## Exercise
Verbatim copy, images omitted: return the full listing.

## Dataset excerpt
%%

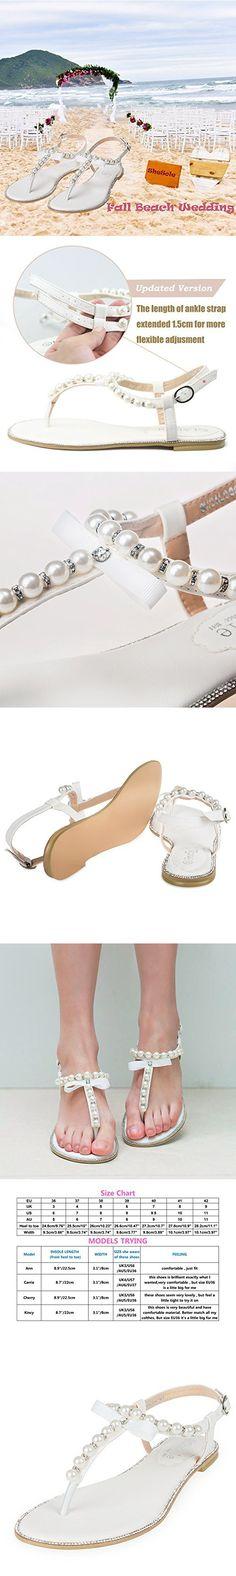 SHOEZY Womens Pu Leather Flat Sandals Wedding Pearls Rhinestone Thong Strap Gladiator Shoes US 7
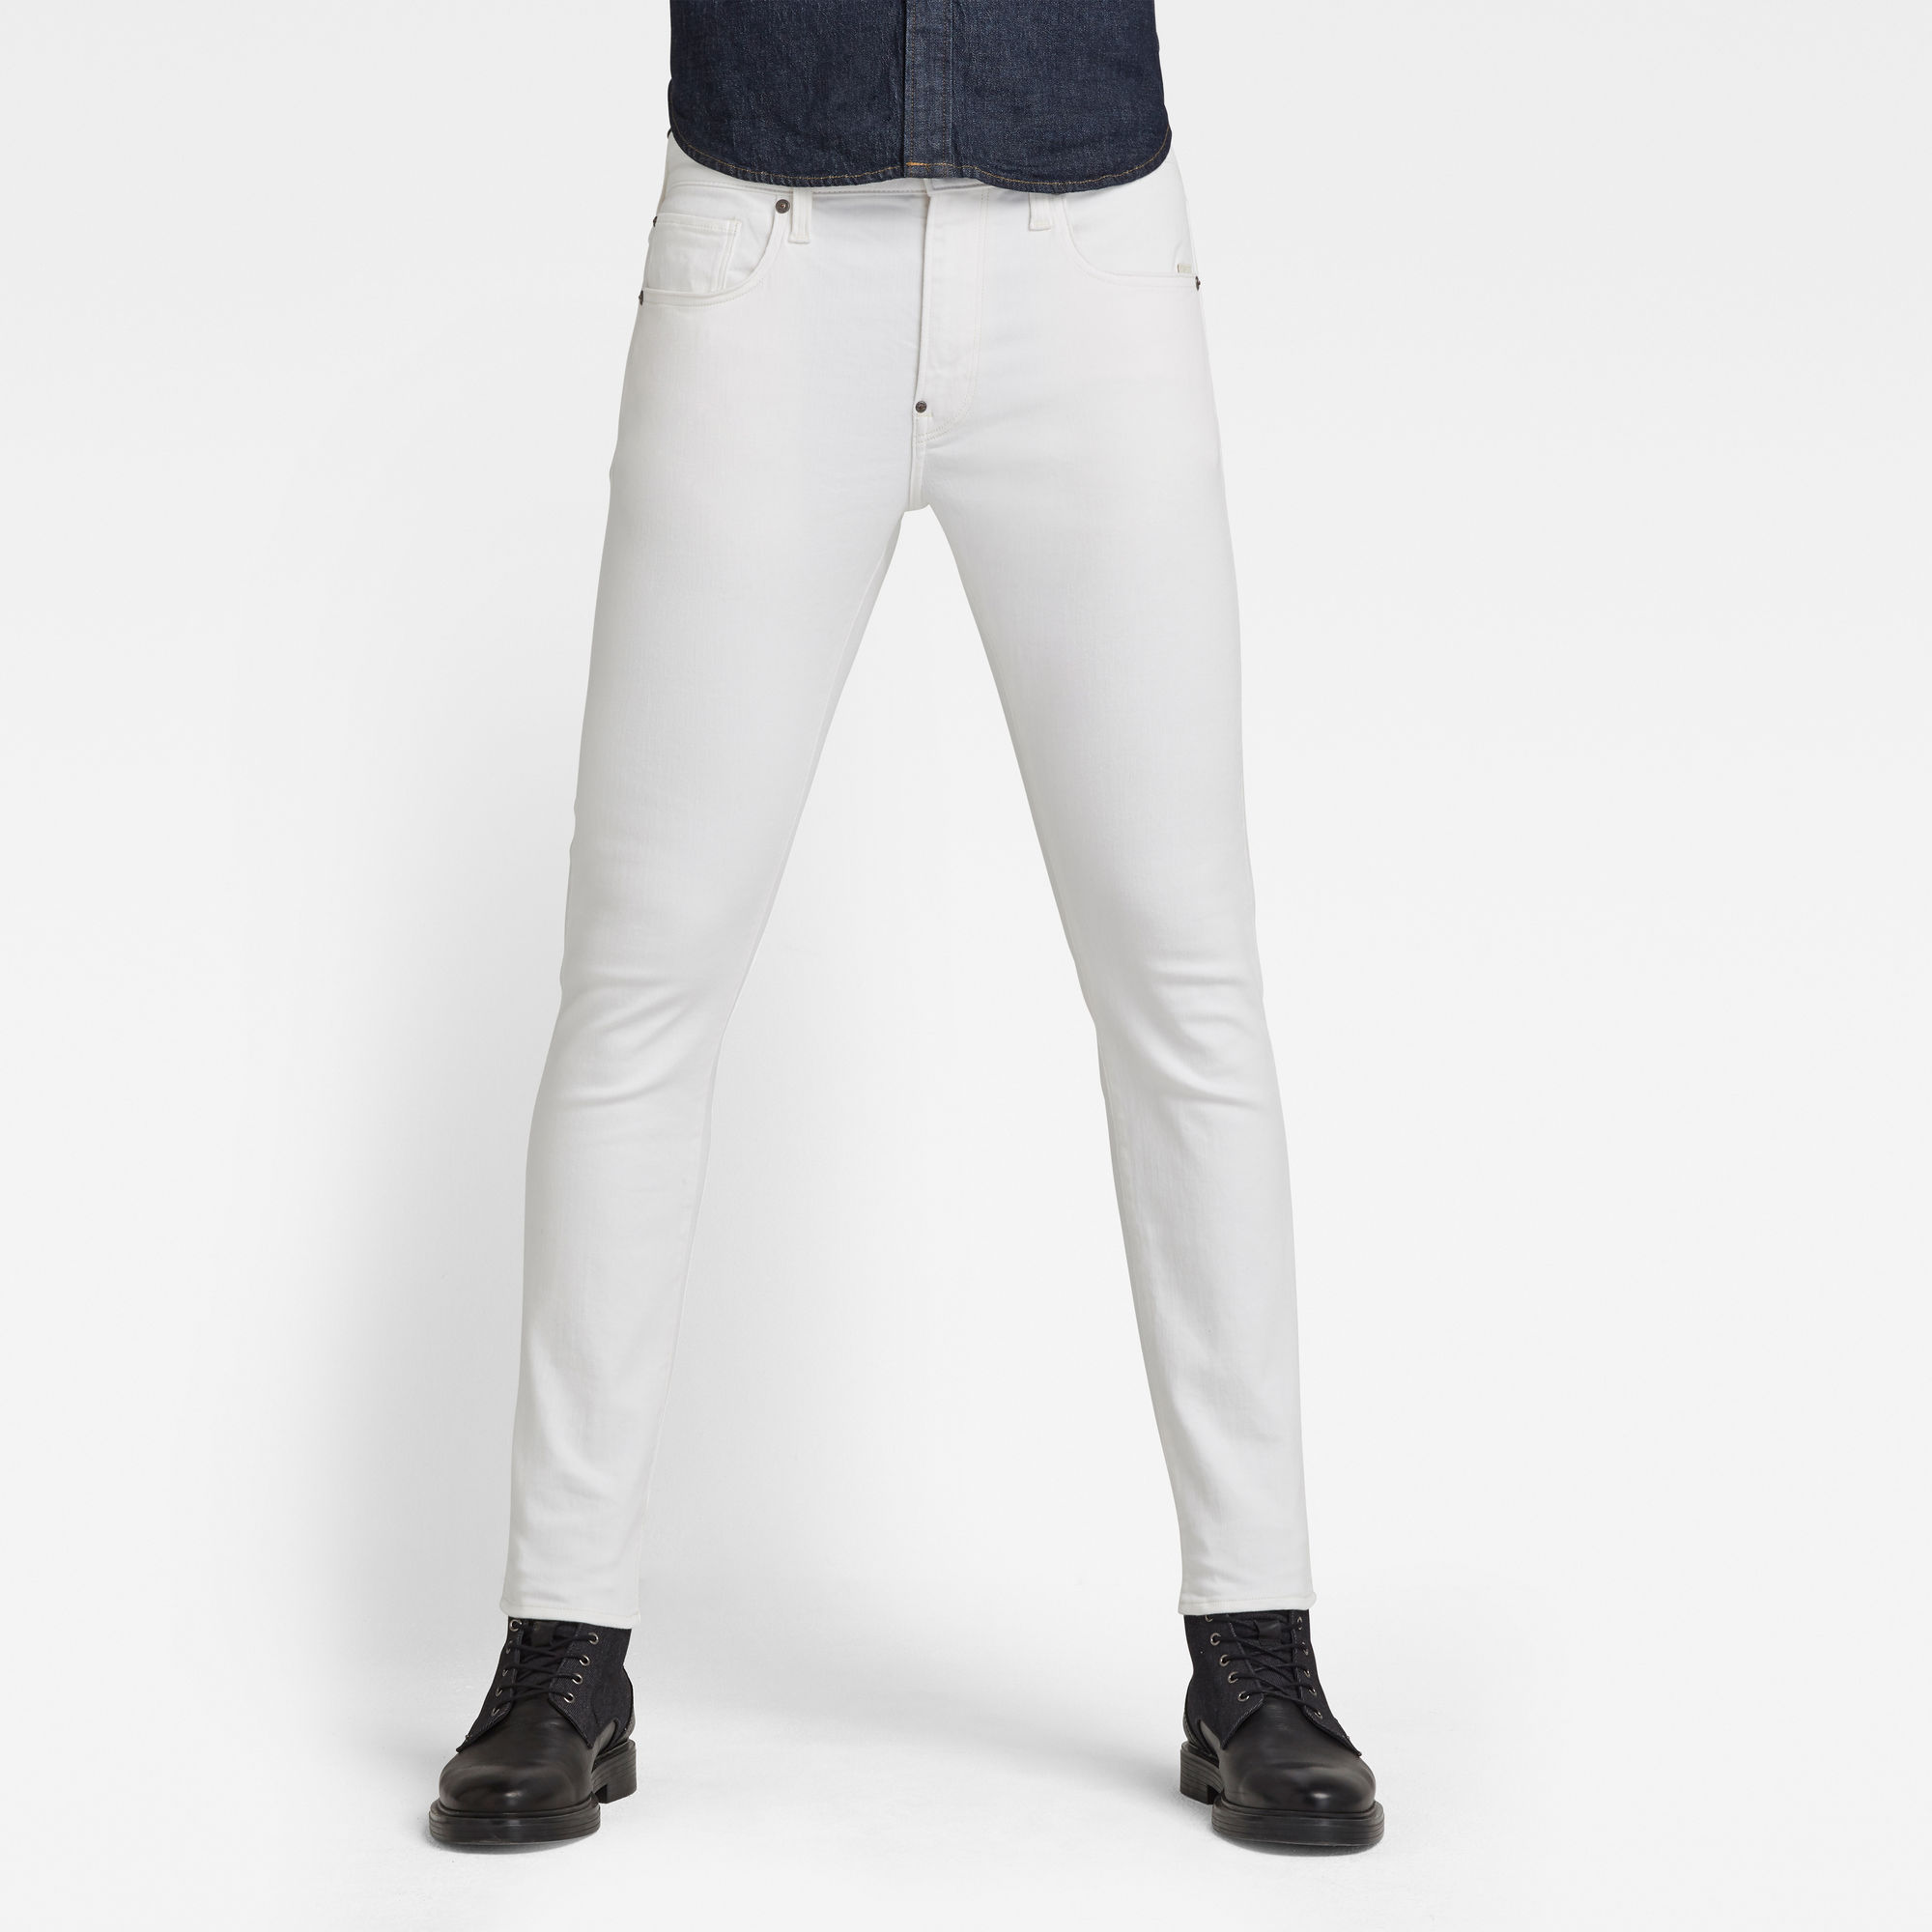 G-Star RAW Heren Revend Skinny Jeans Wit
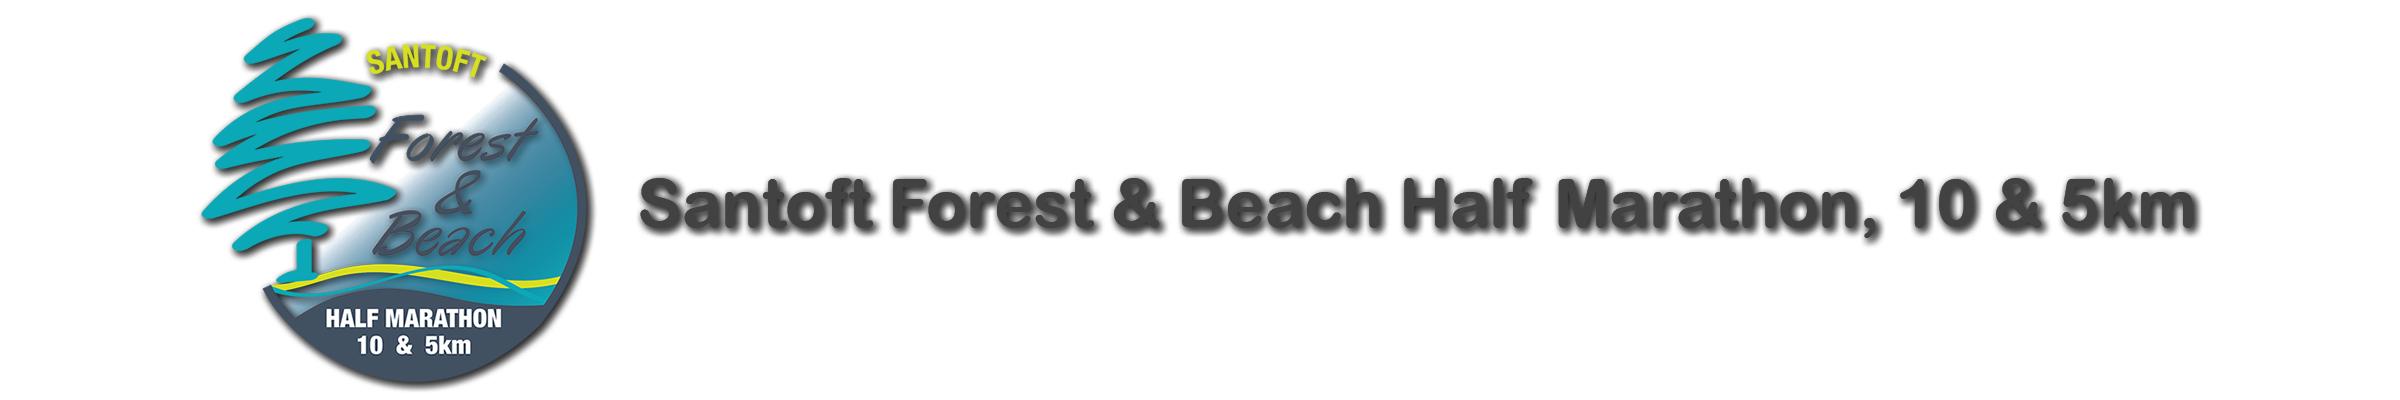 web logo2 copy

%%

## Completed task
 SHOEZY Womens Pu Leather Flat Sandals Wedding Pearls Rhinestone Thong Strap Gladiator Shoes US 7
 G-Star RAW Heren Revend Skinny Jeans Wit
 web logo2 copy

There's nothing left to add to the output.